Google, Microsoft, and xAI have consented to provide pre-release evaluations of their government AI models as the Mythos crisis compels an increase in oversight.

      **Summary**: Google, Microsoft, and xAI have joined OpenAI and Anthropic in granting the U.S. Commerce Department pre-release access to assess their AI models, establishing a voluntary oversight system among five major AI labs through an office lacking formal authority and staffed by fewer than 200 individuals. This expansion was prompted by the Mythos crisis and potential executive orders aimed at formalizing the review process.

      The Mythos crisis compelled the U.S. government to address a previously sidestepped issue: how to handle an AI model powerful enough to pose a national security risk without a formal evaluation mechanism before public release. On Tuesday, the Commerce Department announced that Google, Microsoft, and xAI would provide the U.S. government with pre-release access to their AI models for assessment. They join OpenAI and Anthropic, which have been submitting their models for evaluation to the same agency since 2024. Currently, five companies are responsible for a significant portion of global frontier AI advancements, and all have consented to let a single government office examine their systems before they are made public. This arrangement is voluntary, without statutory backing, and does not grant the government the power to prevent a release. Nevertheless, it represents the closest thing to an AI oversight system that the U.S. has and was put in place within two years by a small office.

      The Office

      The Center for AI Standards and Innovation is located within the National Institute of Standards and Technology in the Commerce Department. It was founded under President Biden in 2023 as the AI Safety Institute, reformulated under Trump with a focus on standards and national security instead of safety research. The center has achieved over 40 evaluations of AI models, including advanced systems not yet publicly available. Developers frequently submit versions with reduced safety measures so evaluators can investigate capabilities relevant to national security, including biological weapon synthesis, cyberattack automation, and potentially uncontrollable autonomous behaviors.
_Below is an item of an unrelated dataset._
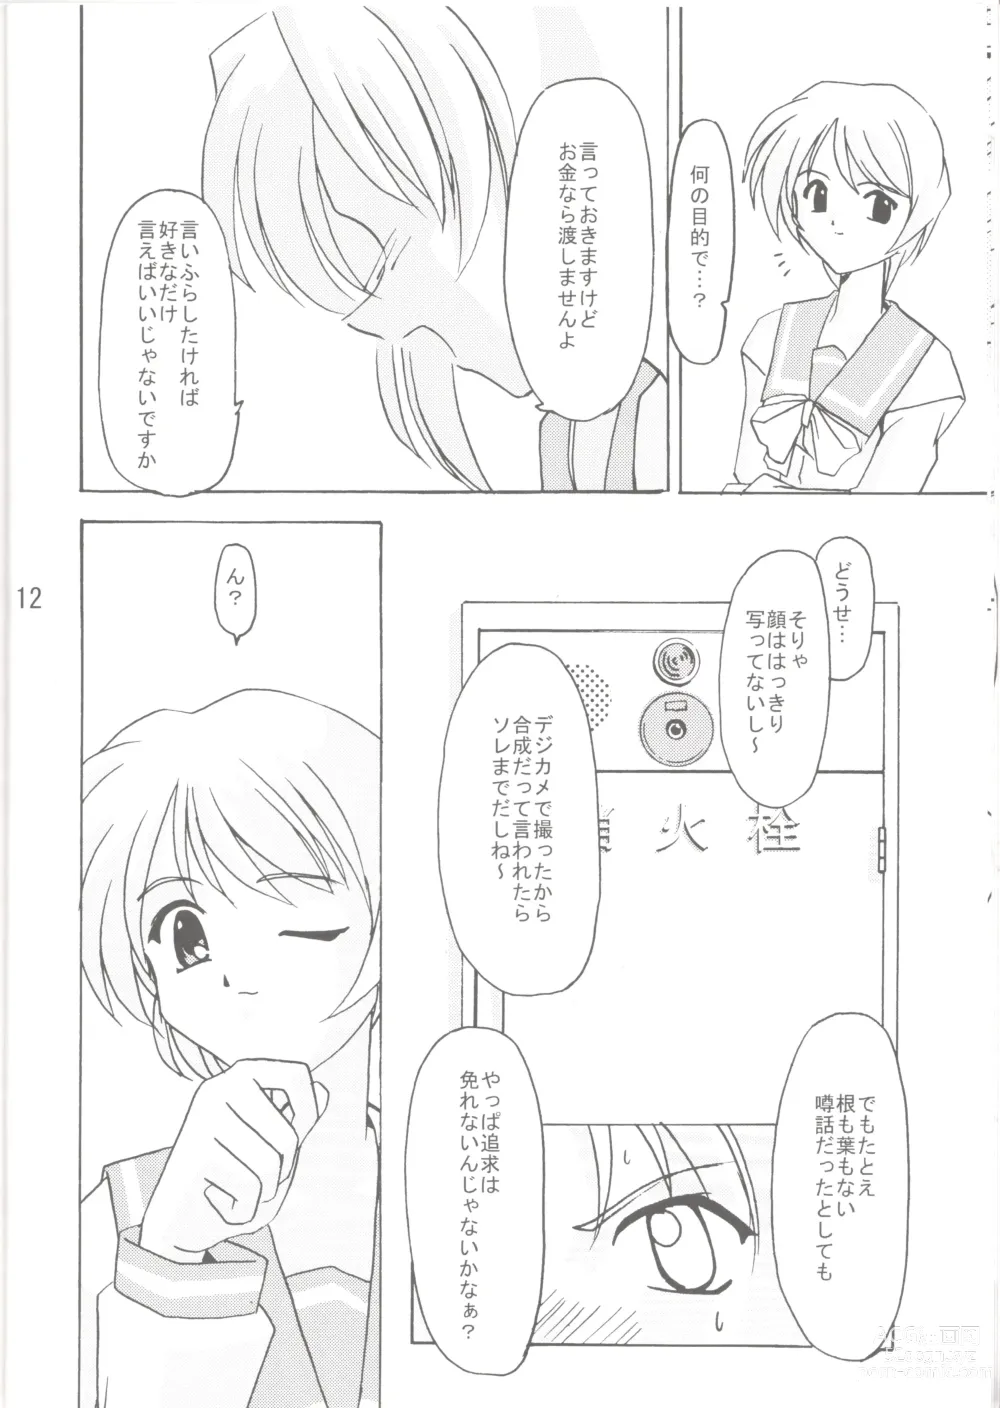 Page 13 of doujinshi Lunasol Festa

      Chris Fall now leads the center, succeeding Collin Burns, a former AI researcher at Anthropic who was ousted by the White House just four days into his appointment. Burns had left Anthropic, forfeited valuable stock, and relocated to accept the government role. His dismissal, reportedly due to his ties with an actively contested company, underscores the political complexities involved in creating an oversight structure for an industry where evaluators and the evaluated share the same talent pool. Trump's broader regulatory strategy on AI has emphasized federal preemption over state laws and a non-intrusive stance toward industry, though the model evaluation program reflects a more assertive approach: the government seeks to understand these systems before anyone else does.

      The Agreements

      The new collaborations with Google, Microsoft, and xAI broaden what was previously a two-company agreement into a more extensive frontier coverage. OpenAI and Anthropic have revised their existing agreements to align with Trump’s AI Action Plan, which instructs the center to lead assessments related to national security and integrates it into a wider "evaluations ecosystem." These agreements are not formal contracts but voluntary commitments that companies can withdraw at any point. There are no legal requirements for pre-release evaluation, and the center lacks the authority to delay or prohibit deployment. The entire setup relies on the AI companies voluntarily choosing to provide early access for strategic reasons.

      From the companies' viewpoint, the alternative could be more stringent legislation. Several proposed bills would grant the center permanent statutory authority, compulsory evaluation requirements, and the ability to set conditions on deployment. The Pentagon has shown a willingness to blacklist AI companies that resist government demands, labeling Anthropic a supply-chain risk after it declined to permit its models for autonomous weapons or mass domestic surveillance. These voluntary evaluation agreements serve, in part, as a means for the remaining companies to demonstrate their cooperation before it becomes obligatory.

      The Catalyst

      The growth of the evaluation program occurs in the context of the Mythos crisis. Anthropic’s innovative model, announced in April, can autonomously find and exploit zero-day vulnerabilities across major operating systems and web browsers, having detected thousands of significant bugs, some of which had persisted undetected for decades. The White House has opposed Anthropic’s efforts to broaden access to Mythos beyond its initial partners. Despite the Pentagon's blacklisting, the NSA is using it. The EU is urging access to Mythos for European cybersecurity efforts, contending that a critical cybersecurity tool cannot remain under the exclusive control of a U.S. company partially blacklisted by the American government.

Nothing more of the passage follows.